Re: dcache locking question

From: "Paul E. McKenney" <paulmck@linux.ibm.com>
To: James Bottomley <James.Bottomley@HansenPartnership.com>
Cc: Al Viro <viro@zeniv.linux.org.uk>,
	Eric Biggers <ebiggers@kernel.org>,
	"Tobin C. Harding" <me@tobin.cc>,
	linux-fsdevel@vger.kernel.org
Subject: Re: dcache locking question
Date: Mon, 18 Mar 2019 10:11:06 -0700	[thread overview]
Message-ID: <20190318171106.GK4102@linux.ibm.com> (raw)
In-Reply-To: <1552926378.3203.13.camel@HansenPartnership.com>

On Mon, Mar 18, 2019 at 09:26:18AM -0700, James Bottomley wrote:
> On Sun, 2019-03-17 at 17:35 -0700, Paul E. McKenney wrote:
> > On Sat, Mar 16, 2019 at 09:23:16PM -0700, James Bottomley wrote:
> > > On Sun, 2019-03-17 at 03:06 +0000, Al Viro wrote:
> > > > On Sat, Mar 16, 2019 at 07:20:20PM -0700, James Bottomley wrote:
> > > > > On Sat, 2019-03-16 at 17:50 -0700, Paul E. McKenney wrote:
> > > > > [...]
> > > > > >  I -have- seen stores of constant values be torn, but not
> > > > > > stores of runtime-variable values and not loads.  Still, such
> > > > > > tearing is permitted, and including the READ_ONCE() is making
> > > > > > it easier for things like thread sanitizers.  In addition,
> > > > > > the READ_ONCE() makes it clear that the value being loaded is
> > > > > > unstable, which can be useful documentation.
> > > > > 
> > > > > Um, just so I'm clear, because this assumption permeates all
> > > > > our code: load or store tearing can never occur if we're doing
> > > > > load or store of a 32 bit value which is naturally
> > > > > aligned.  Where naturally aligned is within the gift of the CPU
> > > > > to determine but which the compiler or kernel will always
> > > > > ensure for us unless we pack the structure or deliberately
> > > > > misalign the allocation.
> > 
> > A non-volatile store of certain 32-bit constants can and does tear
> > on some architectures.  These architectures would be the ones with a
> > store-immediate instruction with a small immediate field, and where
> > the 32-bit constant is such that a pair of 16-bit immediate store
> > instructions can store that value.
> 
> Understood: PA-RISC is one such architecture: our ldil (load immediate
> long) can only take 21 bits of immediate data and you have to use a
> second instruction (ldo) to get the remaining 11 bits. However, the
> compiler guarantees no tearing in memory visibility for PA by doing the
> lidl/ldo sequence on a register and then writing the register to memory
> which I believe is an architectural guarantee.

Good to know, thank you!

> > There was a bug in an old version of GCC where even volatile 32-bit
> > stores of these constants would tear.  They did fix the bug, but it
> > took some time to find a GCC person who understood that this was in
> > fact a bug.
> > 
> > Hence my preference for READ_ONCE() and WRITE_ONCE() for data-racing
> > loads and stores.
> 
> OK, but didn't everyone eventually agree this was a compiler bug?
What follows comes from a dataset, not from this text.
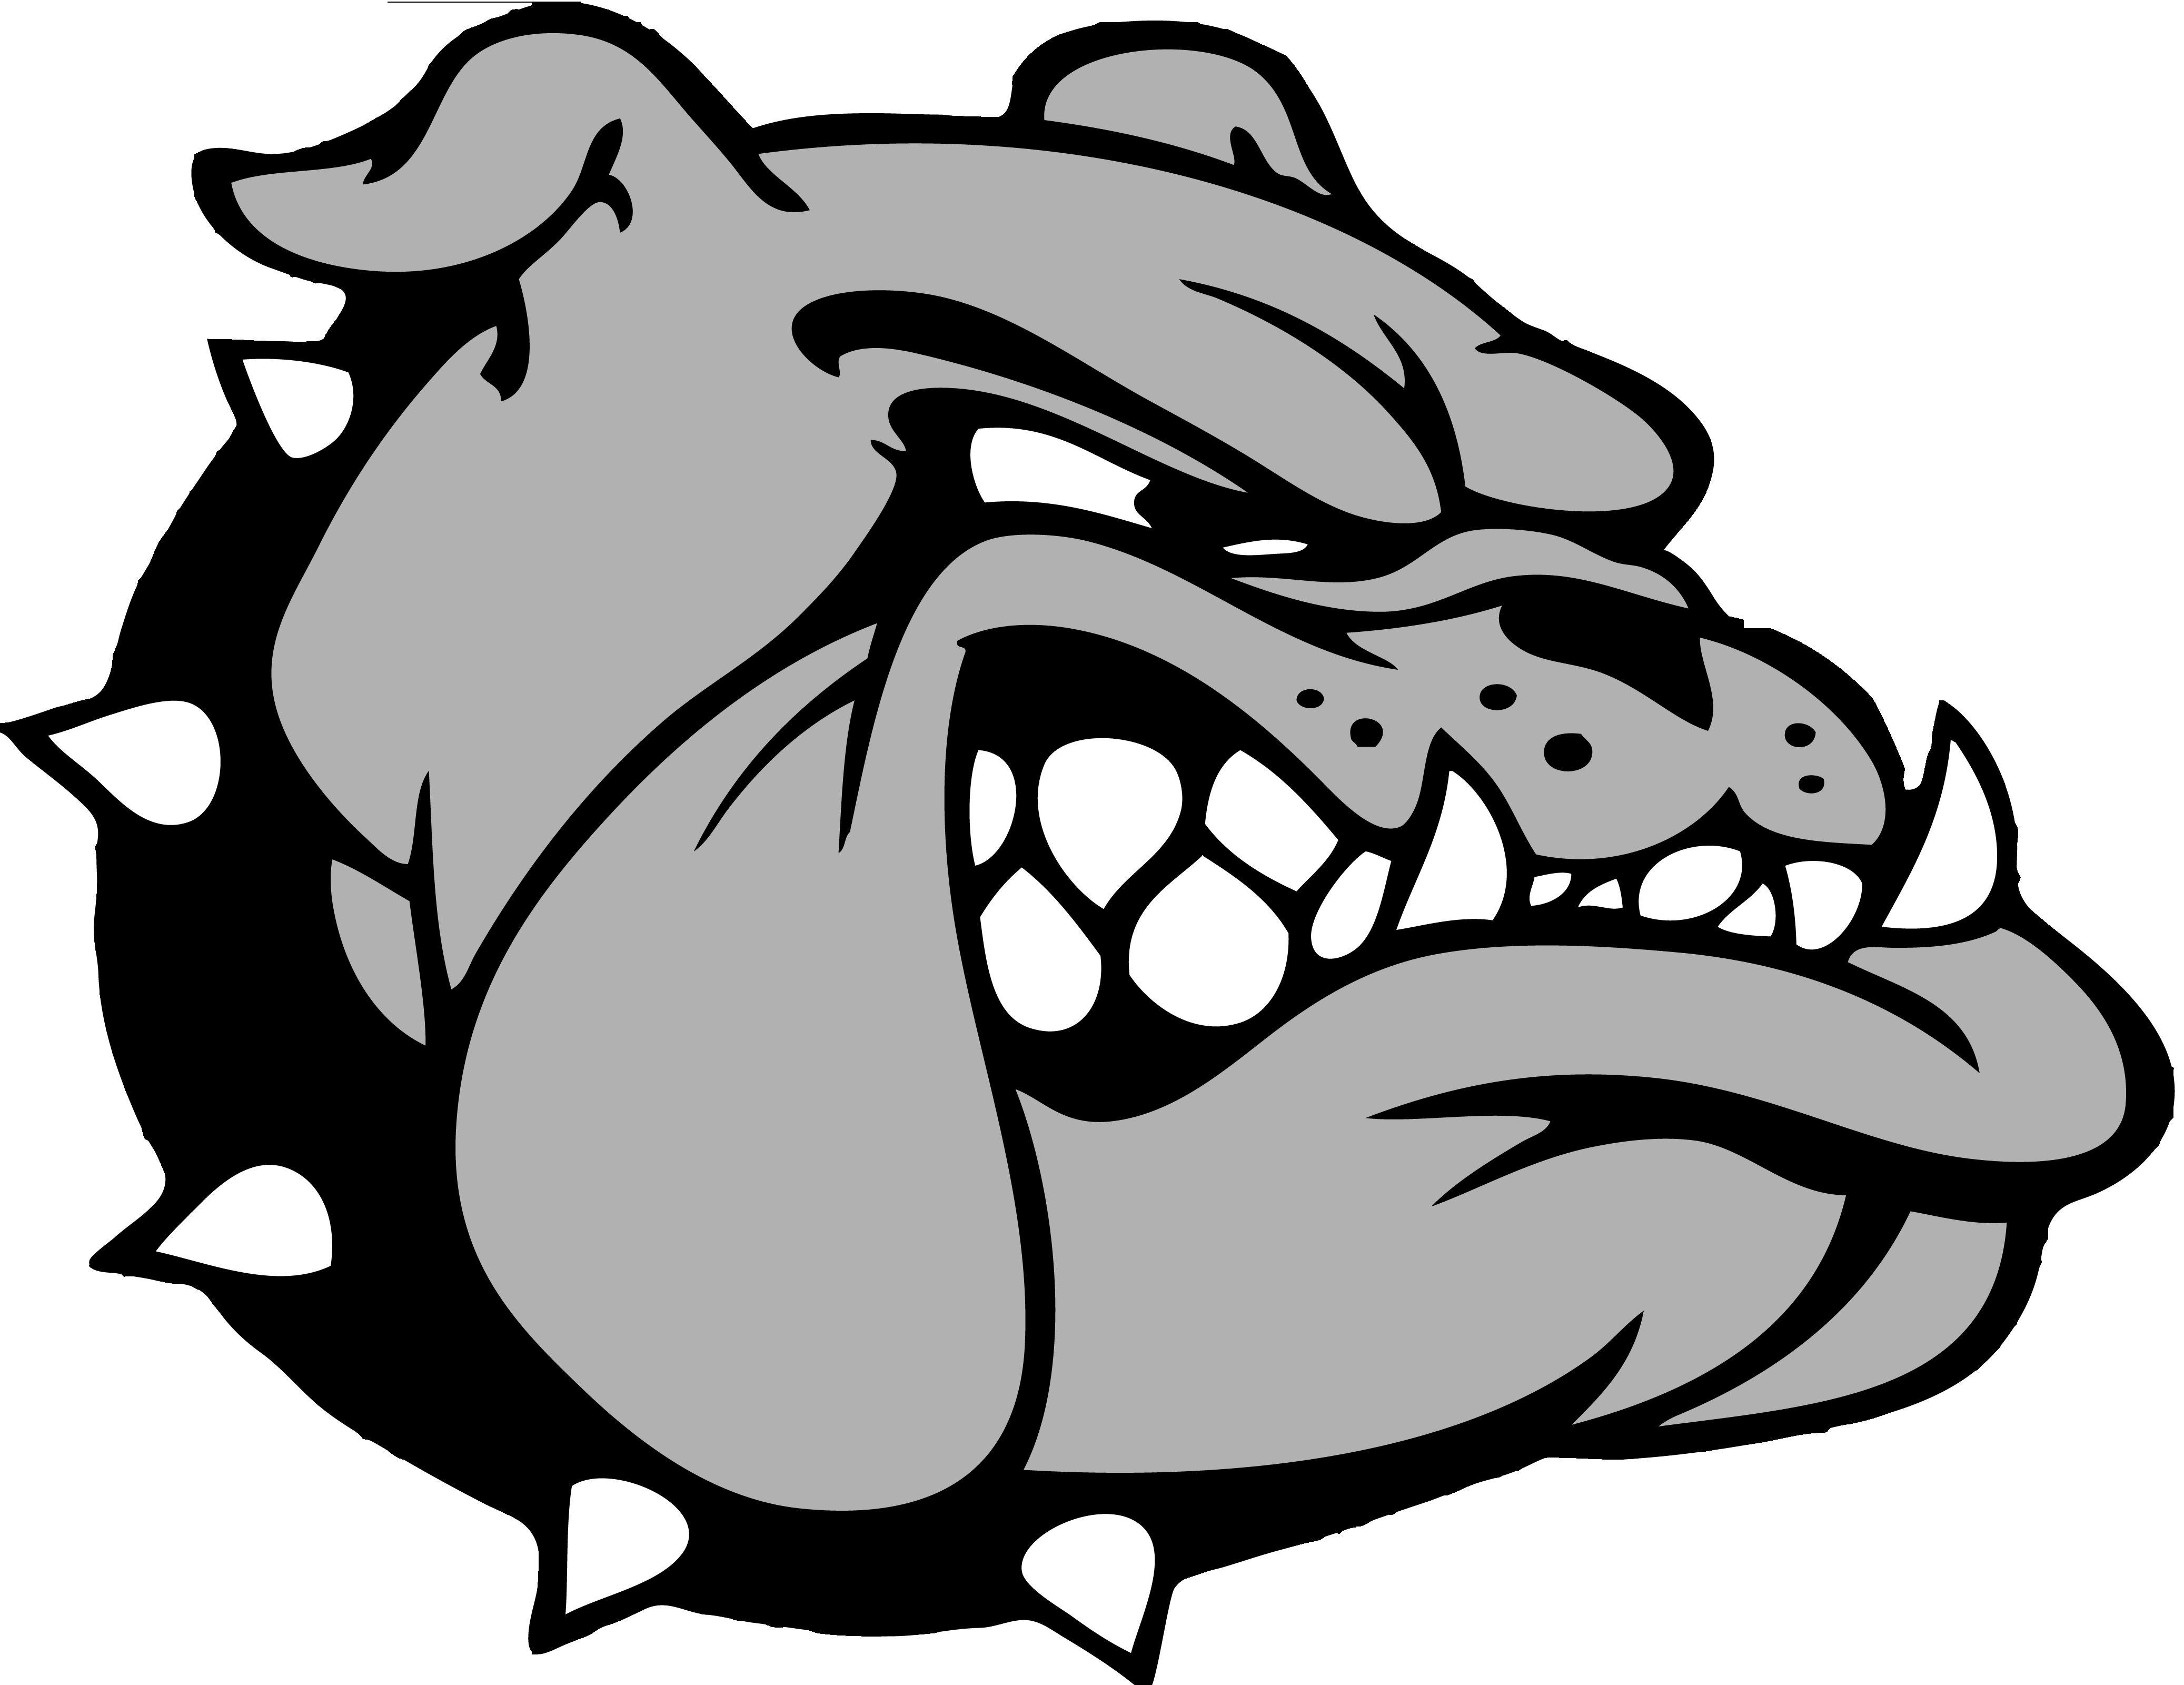 School Mascot Bulldog Clip Art | ... 148px x 3,200px http ...

They did agree, but only in the case where the store was volatile,
as in WRITE_ONCE(), and -not- in the case of a plain store.

At least the kernel doesn't make general use of vector instructions.
If it did, I would not be surprised to see compilers use three 32-bit
vector stores to store to a 32-bit int adjacent to a 64-bit pointer.  :-/

							Thanx, Paul

> > > > Wait a sec; are there any 64bit architectures where the same is
> > > > not guaranteed for dereferencing properly aligned void **?
> > > 
> > > Yes, naturally alligned void * dereference shouldn't tear
> > > either.  Iwas just using 32 bit as my example because 64 bit
> > > accesses will tear on 32 bit architectures but 64 bit naturally
> > > aligned accesses shouldn't tear on 64 bit architectures.  However,
> > > since we can't guarantee the 64 bitness of the architecture 32 bit
> > > or void * is our gold standard for not tearing.
> > 
> > For stores of quantities not known at compiler time, agreed.  But
> > that same store-immediate situation could happen on 64-bit systems.
> > 
> > > James
> > > 
> > > 
> > > > If that's the case, I can think of quite a few places that are
> > > > rather dubious, and I don't see how READ_ONCE() could help in
> > > > those - e.g. if an architecture only has 32bit loads, rcu list
> > > > traversals are not going to be doable without one hell of an
> > > > extra headache.
> > 
> > All the 64-bit systems that run the Linux kernel do have 64-bit load
> > instructions and rcu_dereference() uses READ_ONCE() internally, so we
> > should be fine with RCU list traverals.
> 
> I really don't think it's possible to get the same immediate constant
> tearing bug on 64 bit.  If you look at PA, we have no 64 bit
> equivalent of the ldil/ldo pair so all 64 bit immediate stores come
> straight from the global data table via a register, so no tearing.  I
> bet every 64 bit architecture has a similar approach because 64 bit
> immediate data just requires too many bits to stuff into an instruction
> pair.
> 
> James
>